Royal Canadian Marine Search and Rescue (RCMSAR) is a volunteer marine rescue service that saves lives and promotes public recreational boating safety throughout the coastal and some inland waters of the province of British Columbia and is associated with the national organization of the Canadian Coast Guard Auxiliary.

History
In 1978, the Canadian Coast Guard (at the time under the federal Minister of the Department of Transport) established the Canadian Marine Rescue Auxiliary (CMRA) across Canada in order to involve volunteers in a structured way to provide marine rescue assistance and rescue prevention education.  This national auxiliary program provided funding for volunteer operations, such as reimbursement of fuel costs and insurance coverage, when volunteer boats and crews were formally tasked to respond to marine incidents by the Victoria (Joint) Rescue Co-ordination Centre (JRCC) of the Department of National Defence (DND).  Guidance in volunteer training and provision of some specialized rescue and life saving equipment were also provided under this program.  The CMRA underwent a name change to Canadian Coast Guard Auxiliary in 1997.  In the Pacific Region of the federal Department of Fisheries and Oceans, under which the Canadian Coast Guard (Special Operating) Agency now falls, the CCGA-Pacific underwent a rebranding doing business under the name Royal Canadian Marine Search and Rescue or RCMSAR, effective May 2012. The Royal Canadian Marine Search and Rescue Inc., became the legal name of the organization in 2017.  

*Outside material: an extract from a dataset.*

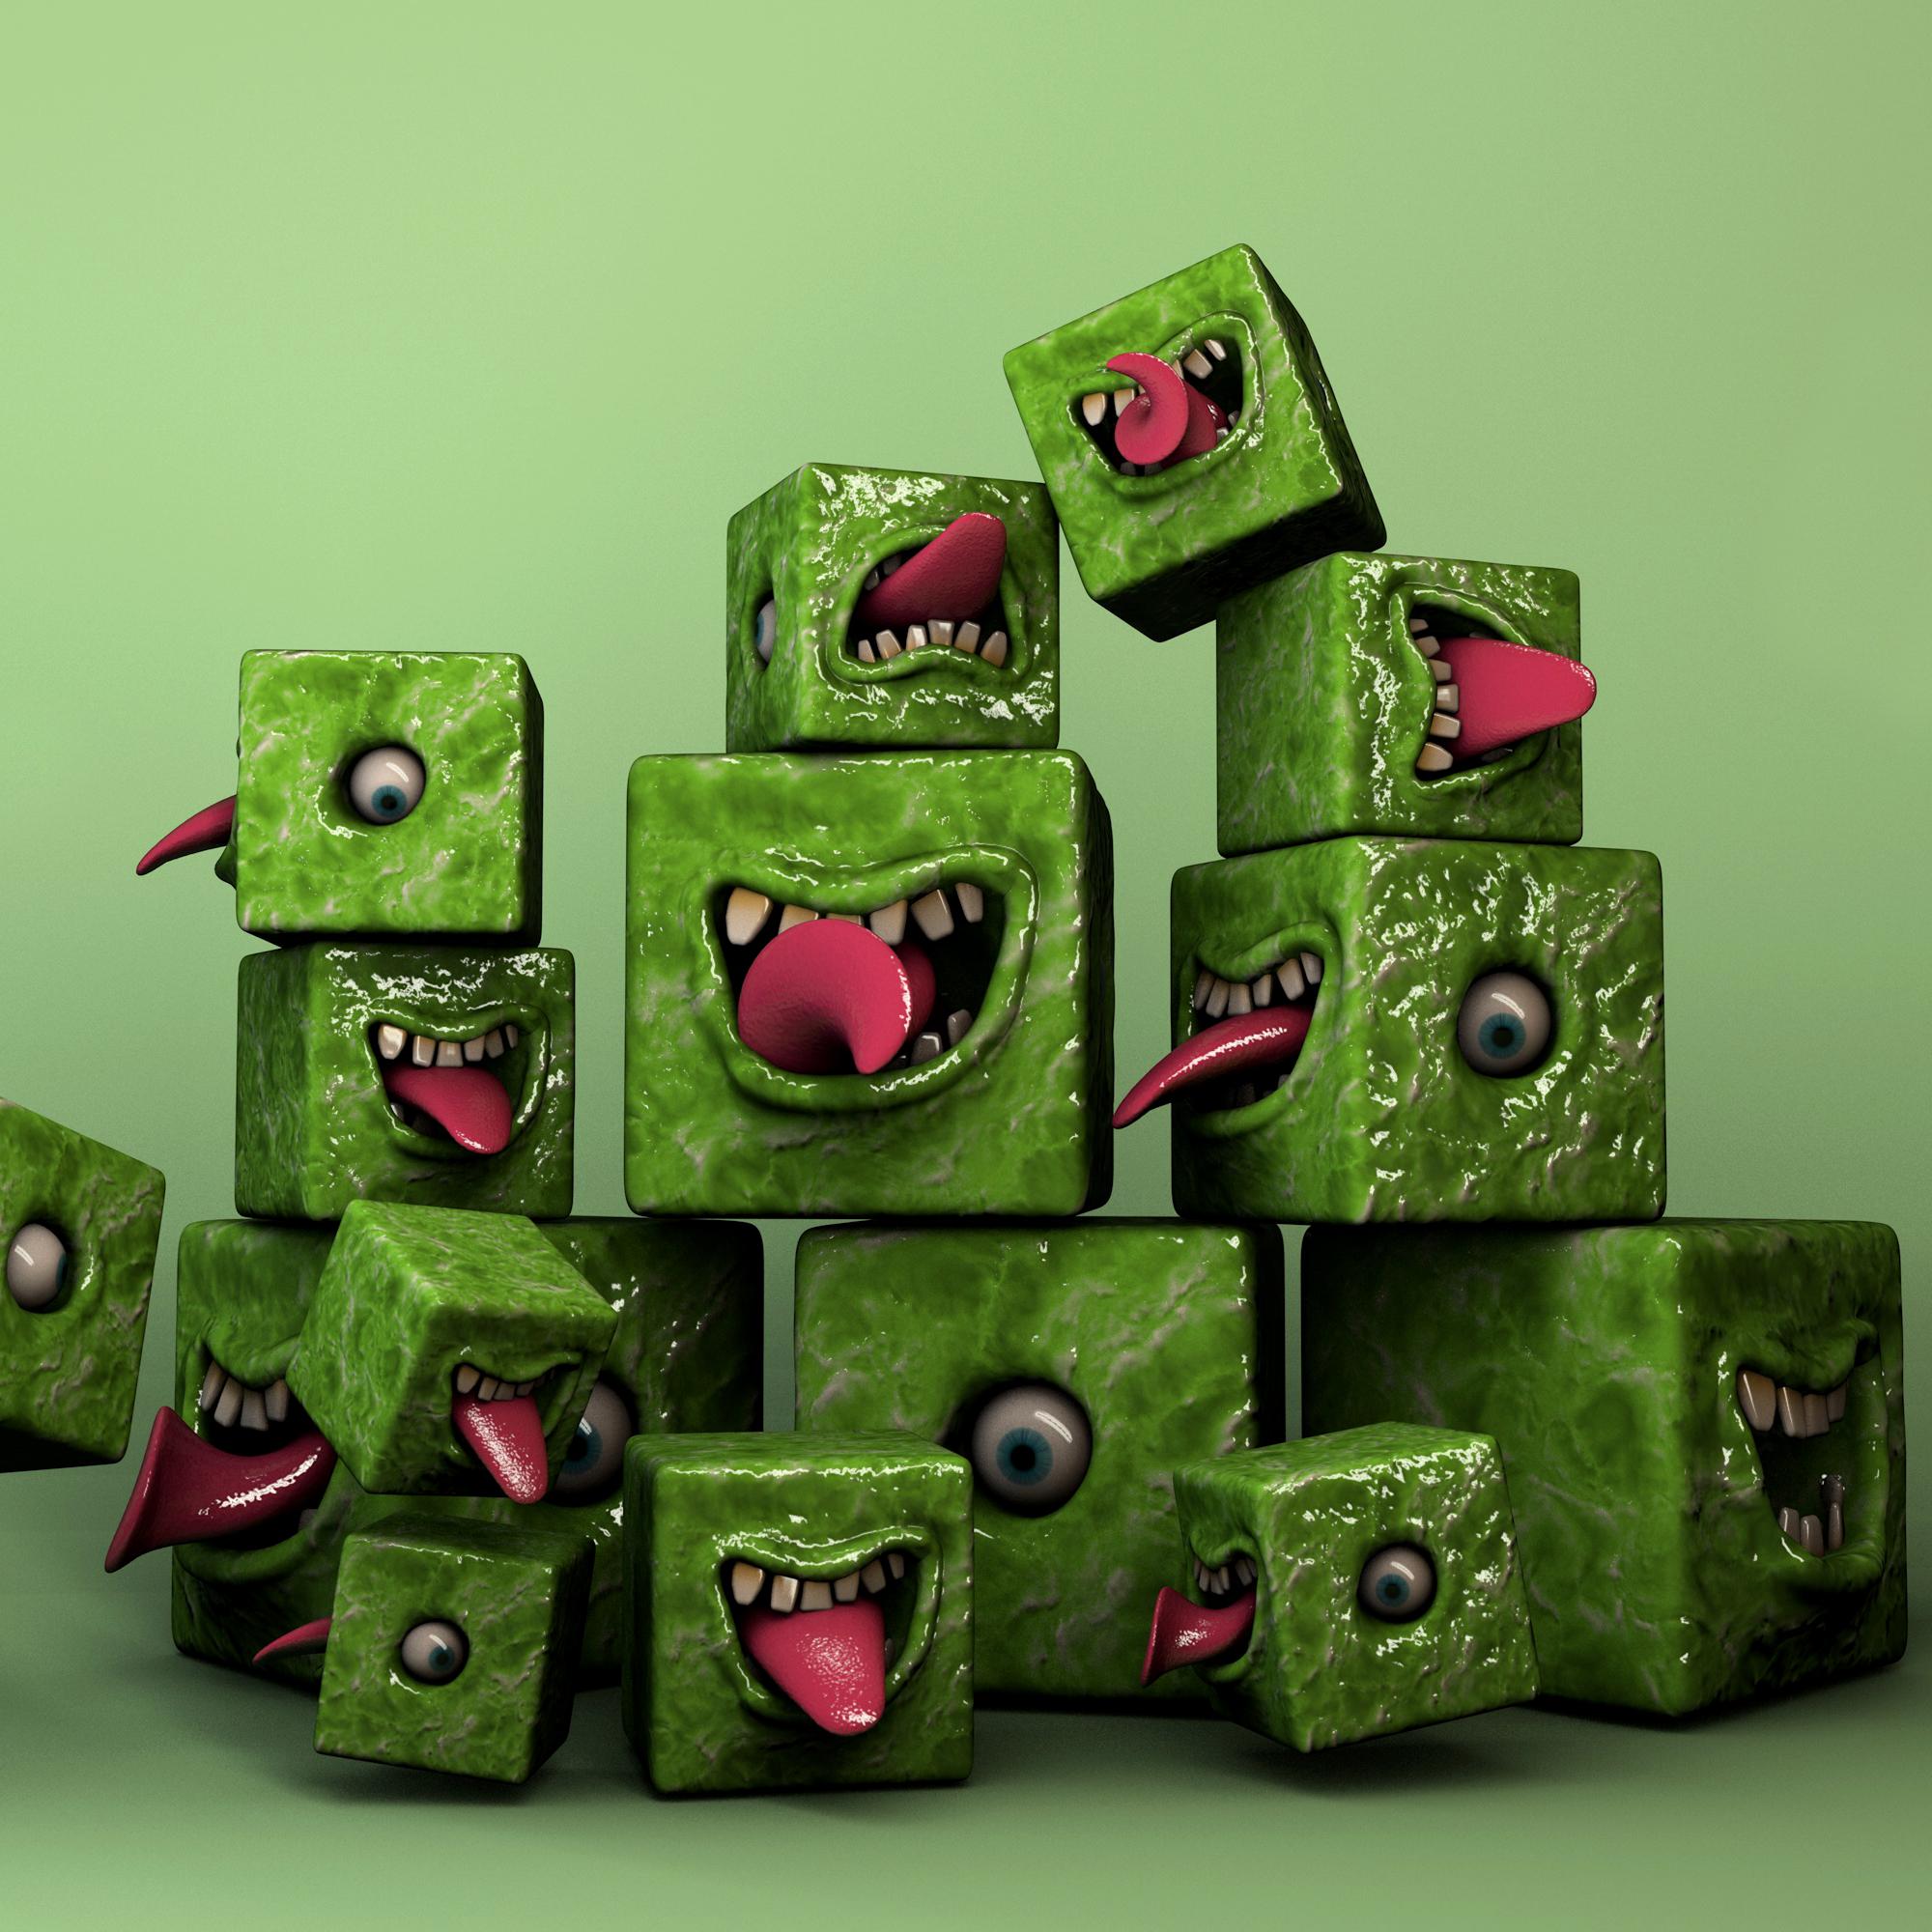 pet cubes07 - insta

Volunteers have been an integral part of marine rescue response services along the British Columbia coast for more than 100 years, initially as part of the Canadian Life Saving Service (CLSS).  The Canadian Coast Guard was formally established in 1962 and shortly thereafter engaged volunteers called Volunteer Search Masters (who operated suitable boats equipped with VHF radio communication) and Volunteer Marine Rescue Agents (who were local coastal contacts for Coast Guard Rescue Officers and who established "posts" in coastal communities for providing information and communications related to search and rescue incidents in the nearby waters).

Operations 
About 1,000 volunteers operate more than 30 rescue stations on the west coast and in the British Columbia interior in support of federal marine search and rescue and provincial emergency management mandates.  Collectively they respond to an average of about 800 missions per year, or about a third of all marine emergencies in B.C.  A small paid staff at the RCMSAR Headquarters and Training Centre near Victoria supports operations, training and volunteer members.  RCMSAR receives funding for missions and on-water training from the Canadian Coast Guard through a Contribution Agreement in support of the Coast Guard's marine search and rescue mandate.  Funding is provided by the Province of British Columbia through Community Gaming Grants for vessels and equipment.  RCMSAR also welcomes corporate and private donations.
In 2017, RCMSAR signed a memorandum of understanding with the Province of British Columbia to allow local authorities and provincial agencies to request assistance from RCMSAR directly in times of emergency specifically related to their jurisdictions. Marine search and rescue in federal waters remains RCMSAR's core operation and primary support function. In 2017, RCMSAR also signed a memorandum of understanding establishing a relationship with the 4th Canadian Ranger Patrol Group for the purpose of training and operational collaboration.

Resources

Equipment 
RCMSAR is equipped with a variety of vessels ranging from rigid hull inflatables to large enclosed-cabin waterjet-powered boats.  RCMSAR also operates a training simulator featuring a full-scale enclosed cabin vessel, large screen, digital projectors and sound.  The simulator mirrors RCMSAR's "Brewin" vessel used for on-water training.

Vessels

Type 1 Fast Rescue Craft 
Design: Rigid Hull Inflatable

Length: 9 metres

Power: Twin Yamaha 250hp Outboard Motors

Range: 250 nautical miles

Speed: 40+ knots

Crew Complement: 4

Features:
 Shockwave Integrated Controlled Environment (ICE)
 Self Righting
 Electronic Navigation Instruments
 Two Marine VHF radios
 Searchlights
 Night Vision (FLIR)
 First Aid Equipment
 Towing Equipment

Type 2 Fast Rescue Craft 
Design: Enclosed cabin Rigid Hull Inflatable

Length: 11.12 metres

Power: Twin Diesel Engines and Water Jets (870hp)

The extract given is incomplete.